Sehnsucht nach dem Kollektiv

von Norma Schneider

Mit »Die Inkommensurablen« legt Raphaela Edelbauer einen vielschichtigen Roman vor, der von queerem Leben im Wien der 1910er-Jahre, Mathematik, Psychoanalyse sowie Rausch und Manipulation erzählt.

Anfang August 1914 begrüßen jubelnde Menschen auf den Straßen Wiens den Beginn des Krieges. In nationalistischem Taumel fühlen sie sich als Gemeinschaft. Der Einzelne scheint nun in der Masse, im Volk aufzugehen – egal ob Proletarierin oder Studentin, Adliger oder Bauernknecht, denn jetzt zählt nur noch der Krieg, die Nation. Diese Euphorie zu Kriegsbeginn wird häufig als »August­erlebnis« bezeichnet und ist Basis nationalistischer Mythen, in denen weder diejenigen vorkommen, die gegen den Krieg waren, noch diejenigen, die nicht mitgemeint waren, wenn von Volk und Nation die Rede war. Wie viel von der Masseneuphorie real und wie viel Inszenierung war, ist in der Forschung umstritten.

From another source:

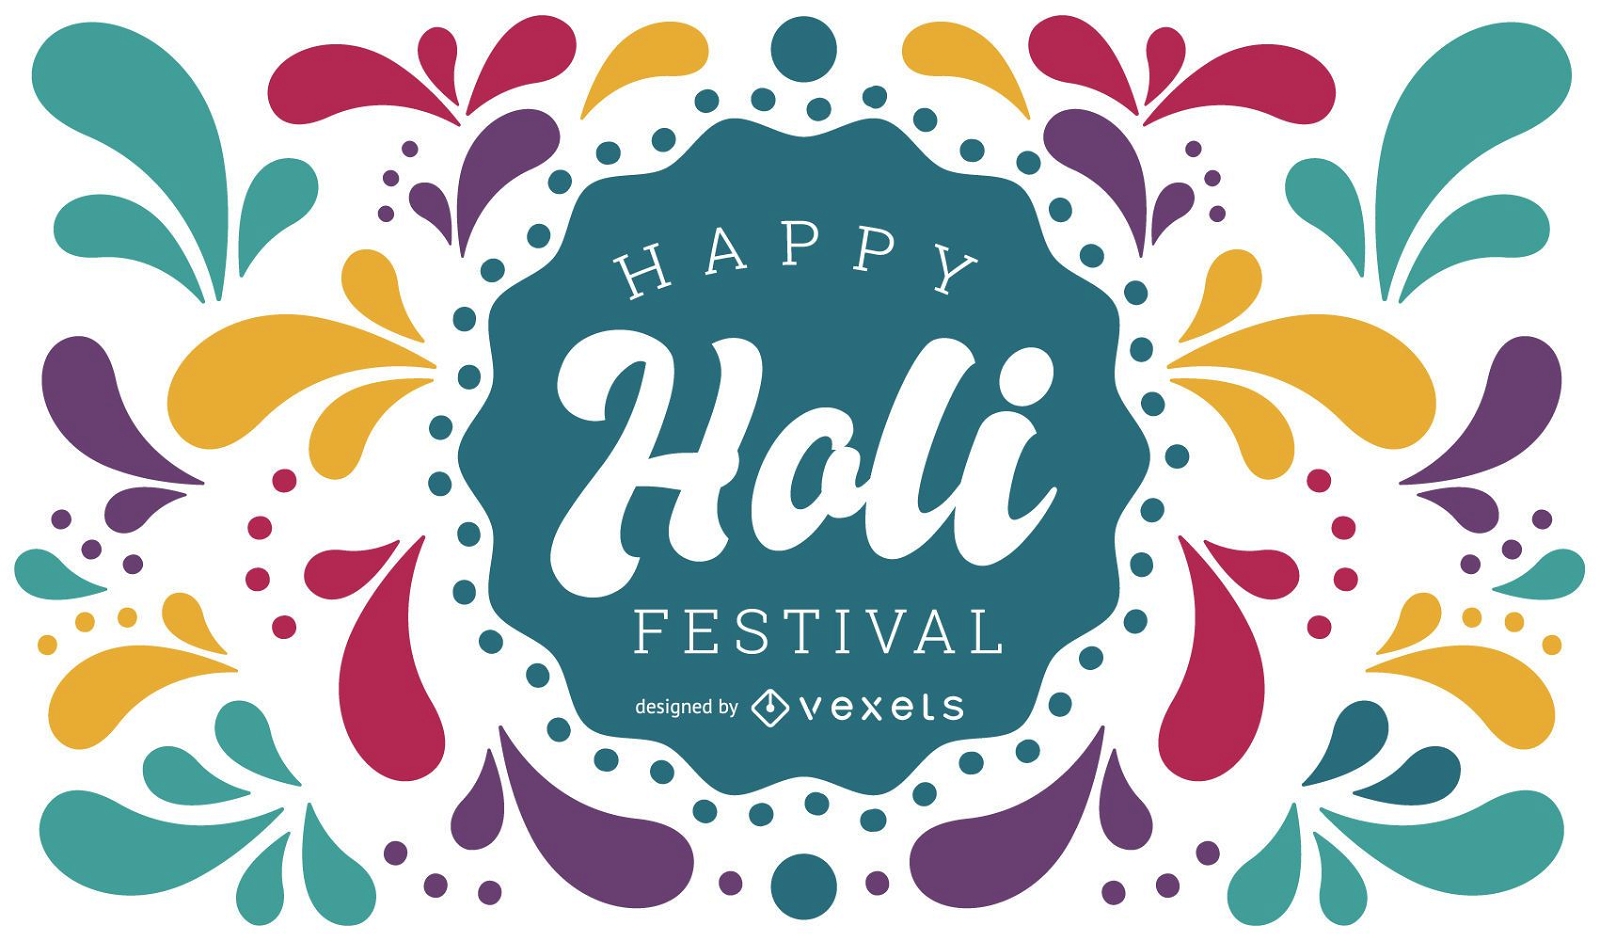 Happy Holi Festival Design

Doch das Gefühl vieler, Teil von etwas Größerem, von einem Volk, einer Nation zu sein, ist bekanntermaßen durchaus ein reales und gefährliches Phänomen. Gustave Le Bon beschrieb bereits 1895 in seinem Werk Psychologie der Massen, dass und wie Menschen in einer Masse ihre Fähigkeit zum kritischen Denken einbüßen, leicht beeinflussbar werden und sich zu »primitivem« Verhalten hinreißen lassen können.